[Work instruction] Transcribe the data exactly. Pictures stay out.

Top of Data shown

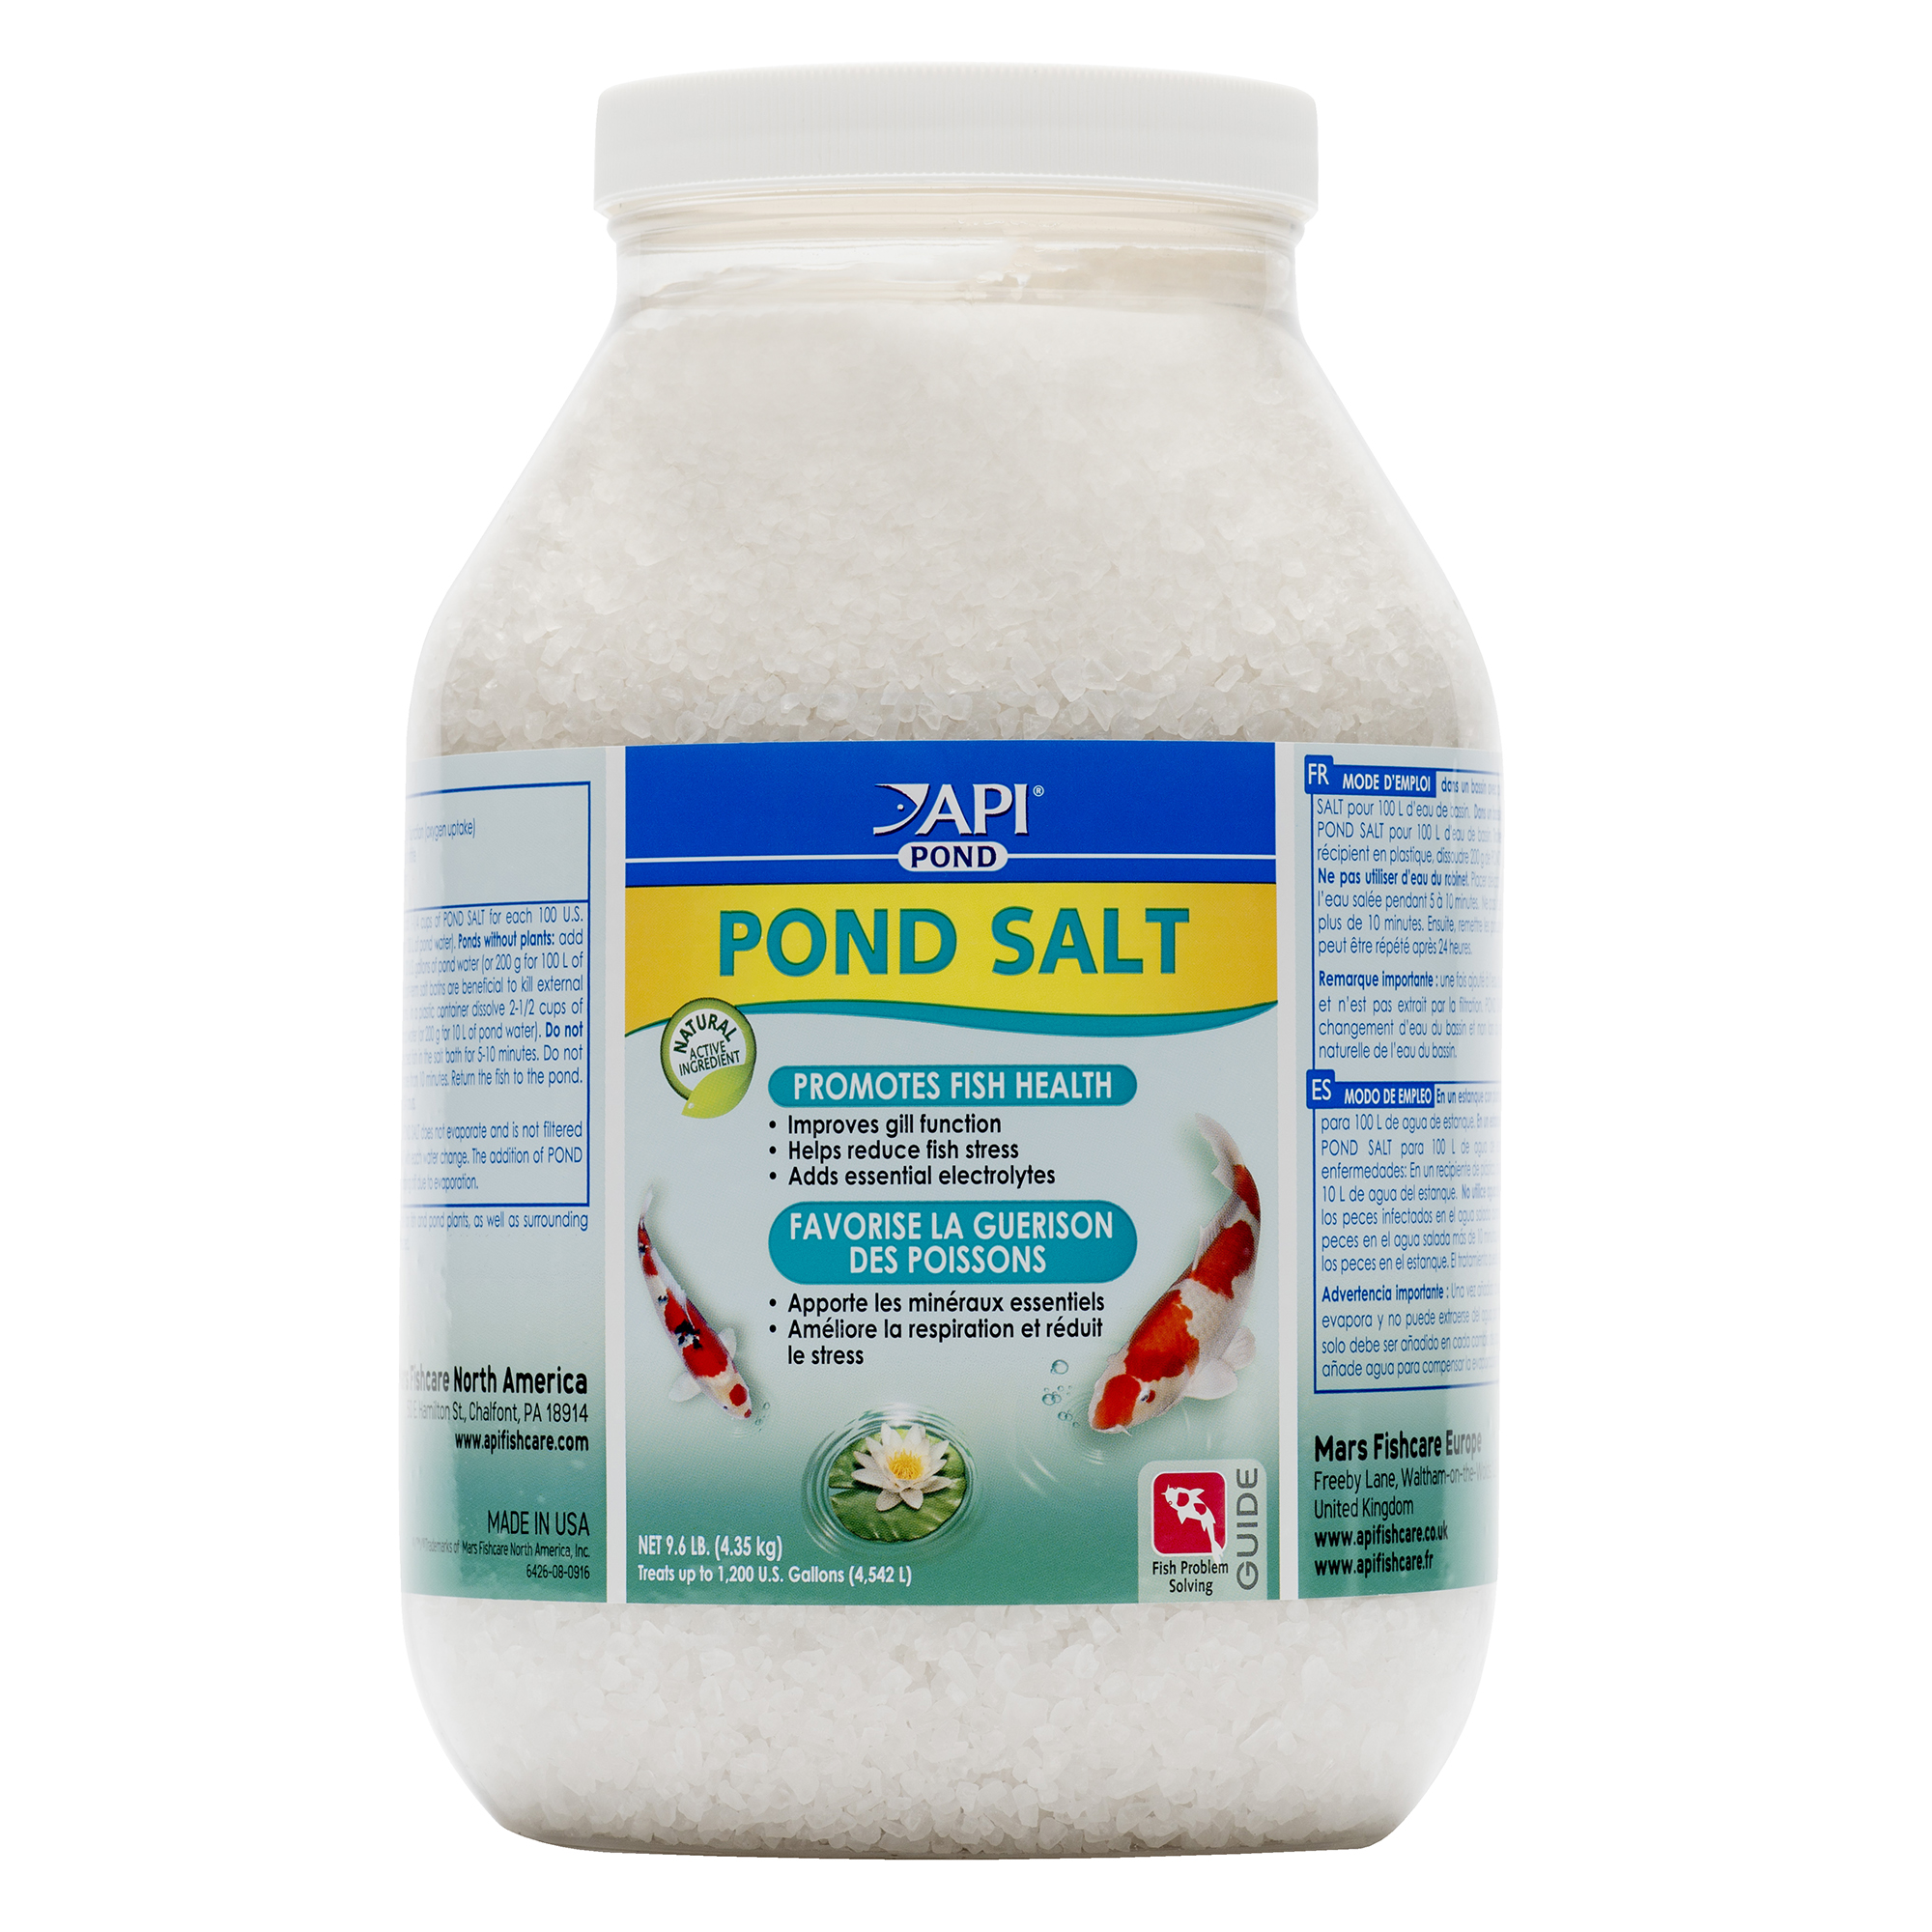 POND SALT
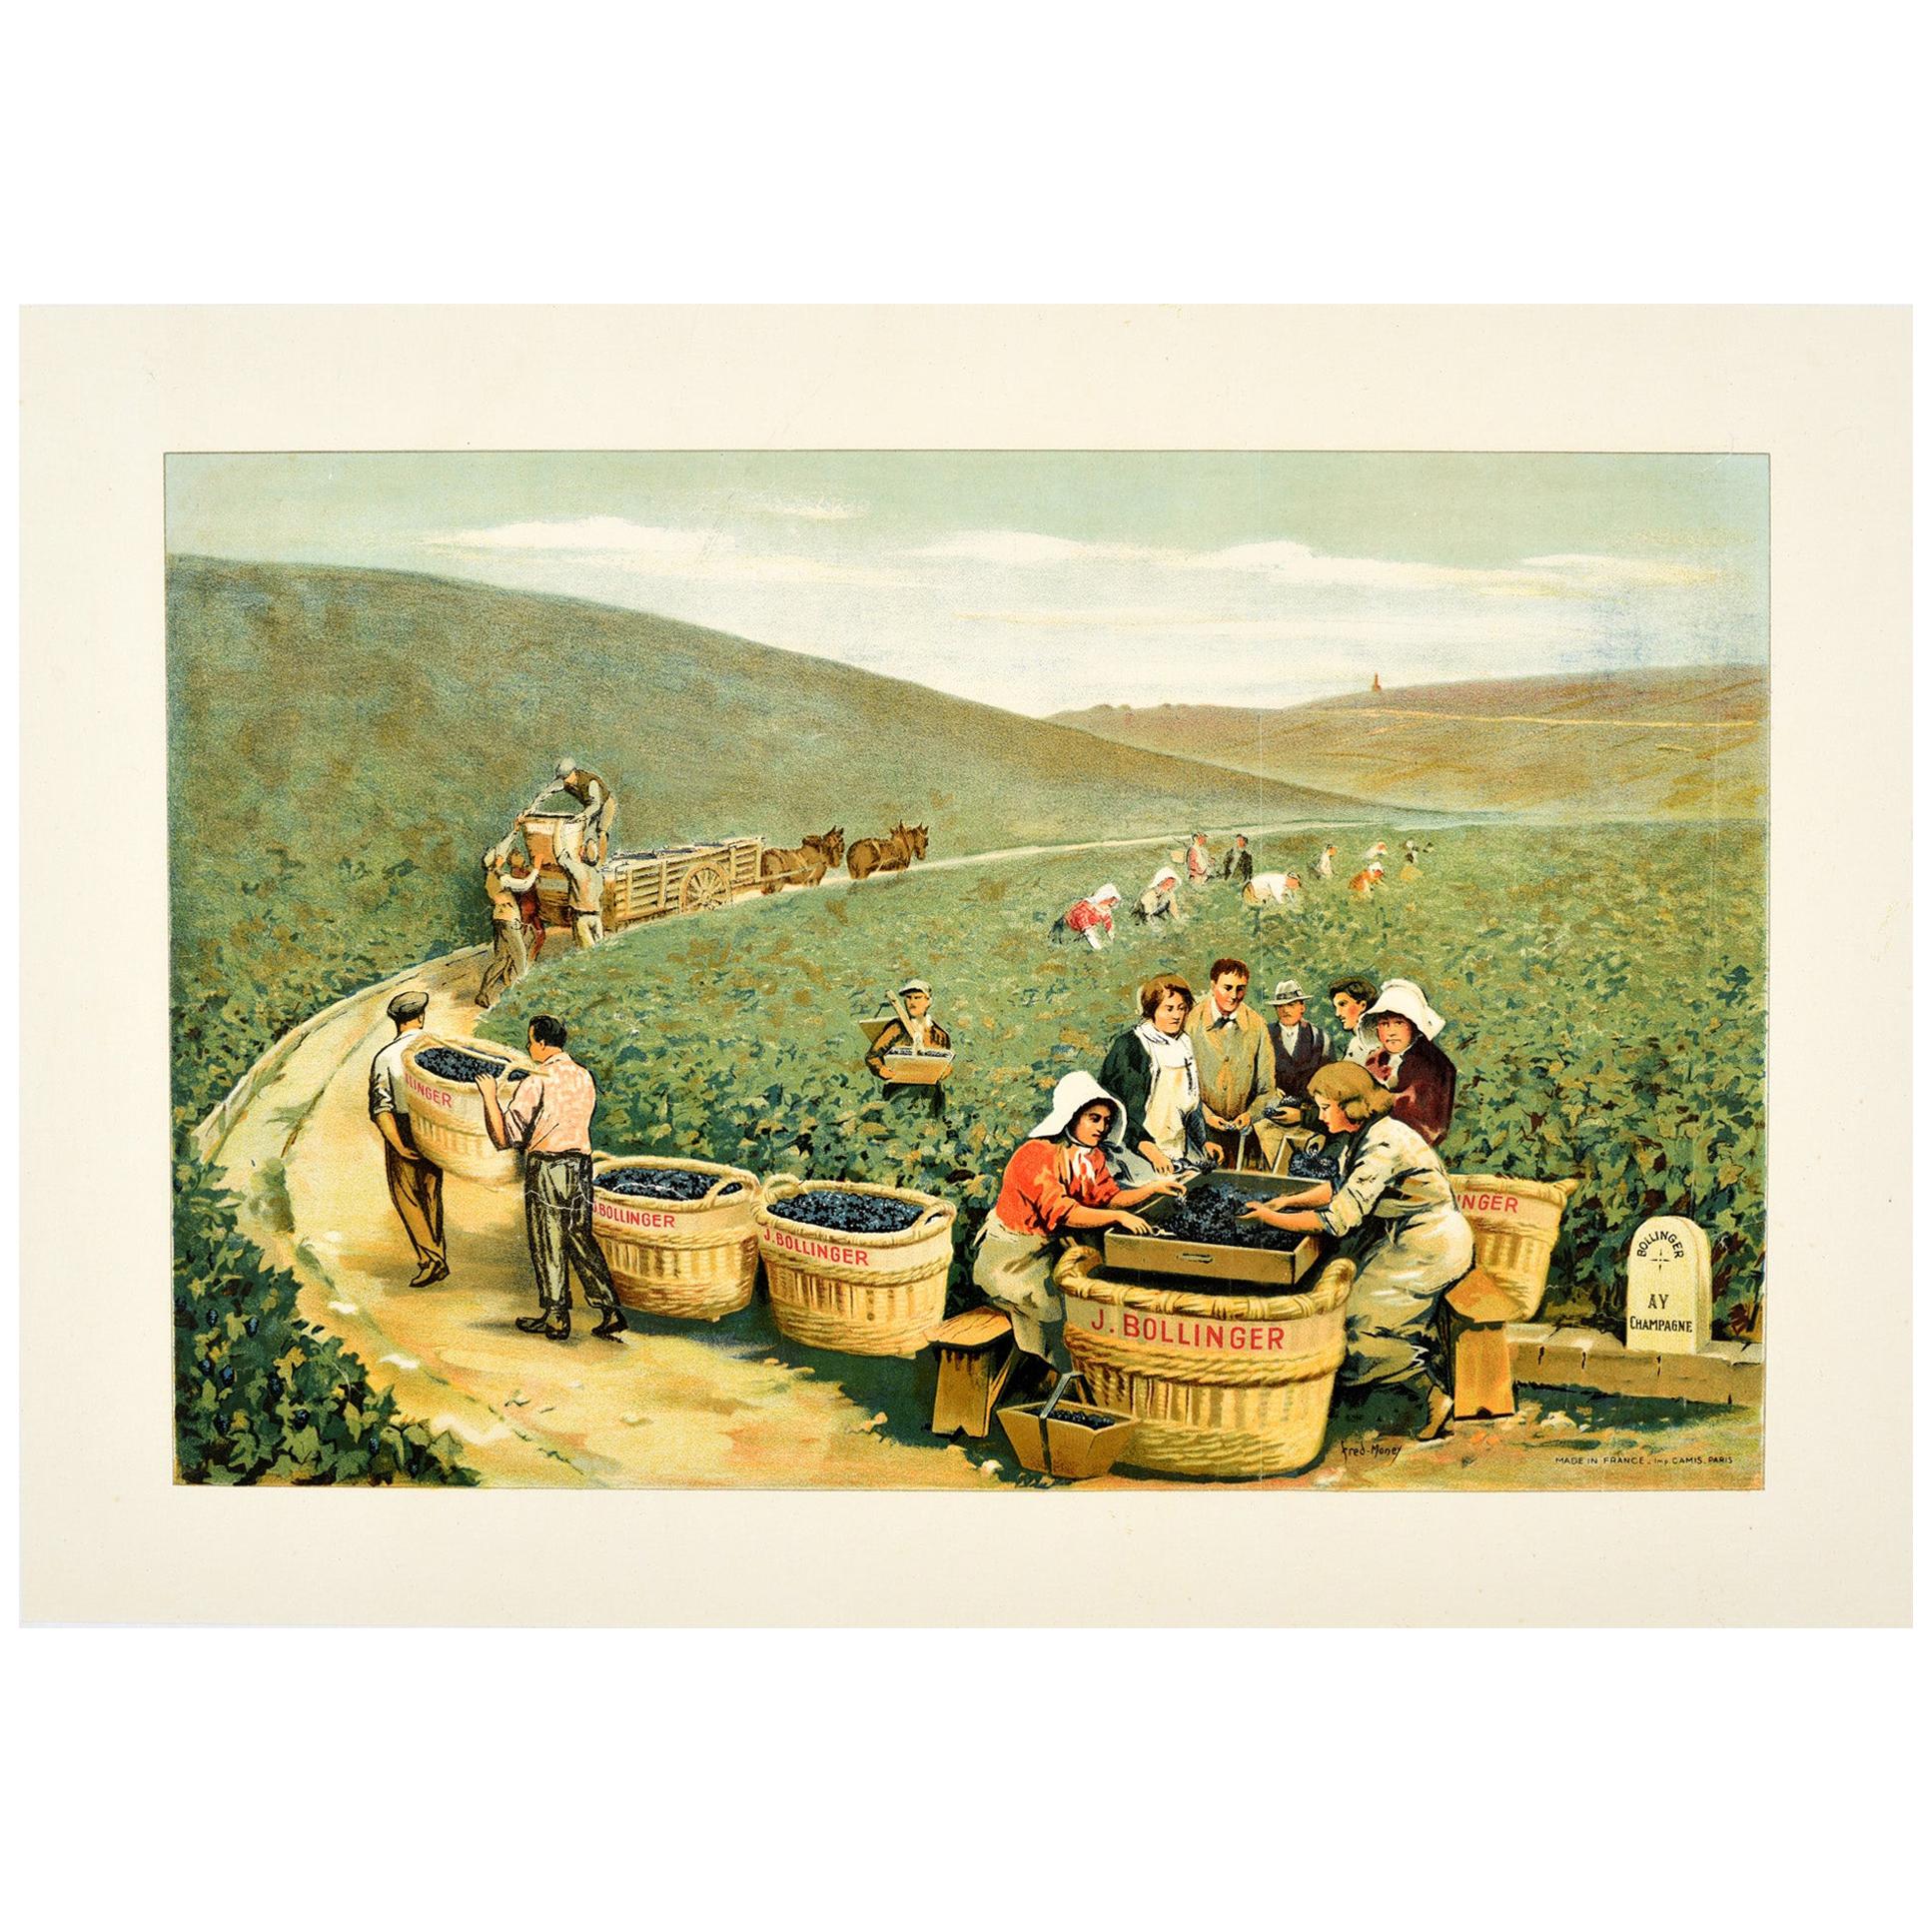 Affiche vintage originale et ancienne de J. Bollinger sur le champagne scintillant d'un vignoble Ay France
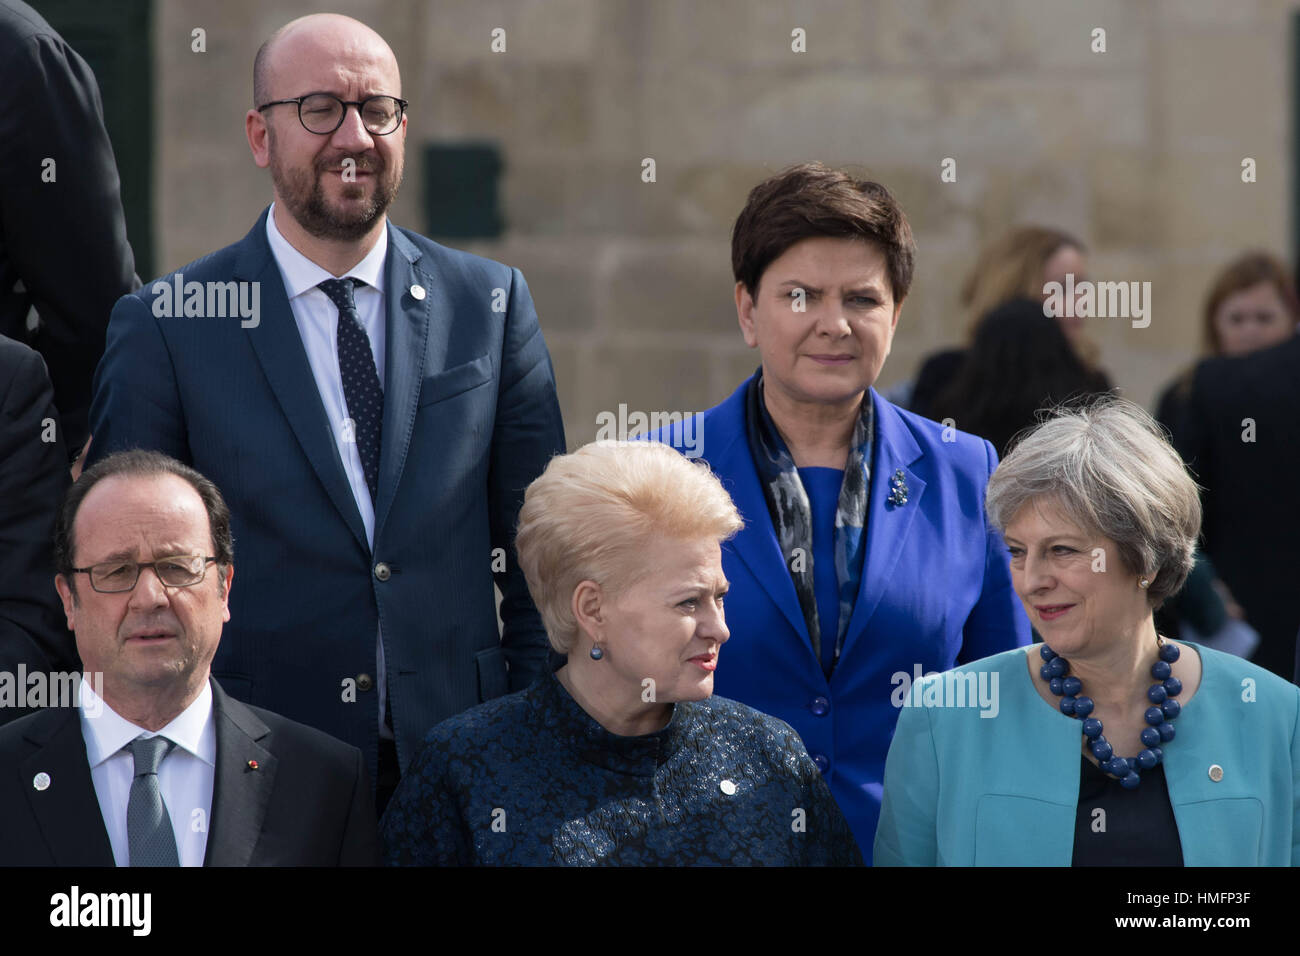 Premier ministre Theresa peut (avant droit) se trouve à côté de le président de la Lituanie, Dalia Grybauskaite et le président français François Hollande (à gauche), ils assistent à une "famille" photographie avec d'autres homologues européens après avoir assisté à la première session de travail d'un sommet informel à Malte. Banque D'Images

Bottom of Data shown

[Answer for this exercise]
 POND SALT
 Affiche vintage originale et ancienne de J. Bollinger sur le champagne scintillant d'un vignoble Ay France
 Premier ministre Theresa peut (avant droit) se trouve à côté de le président de la Lituanie, Dalia Grybauskaite et le président français François Hollande (à gauche), ils assistent à une "famille" photographie avec d'autres homologues européens après avoir assisté à la première session de travail d'un sommet informel à Malte. Banque D'Images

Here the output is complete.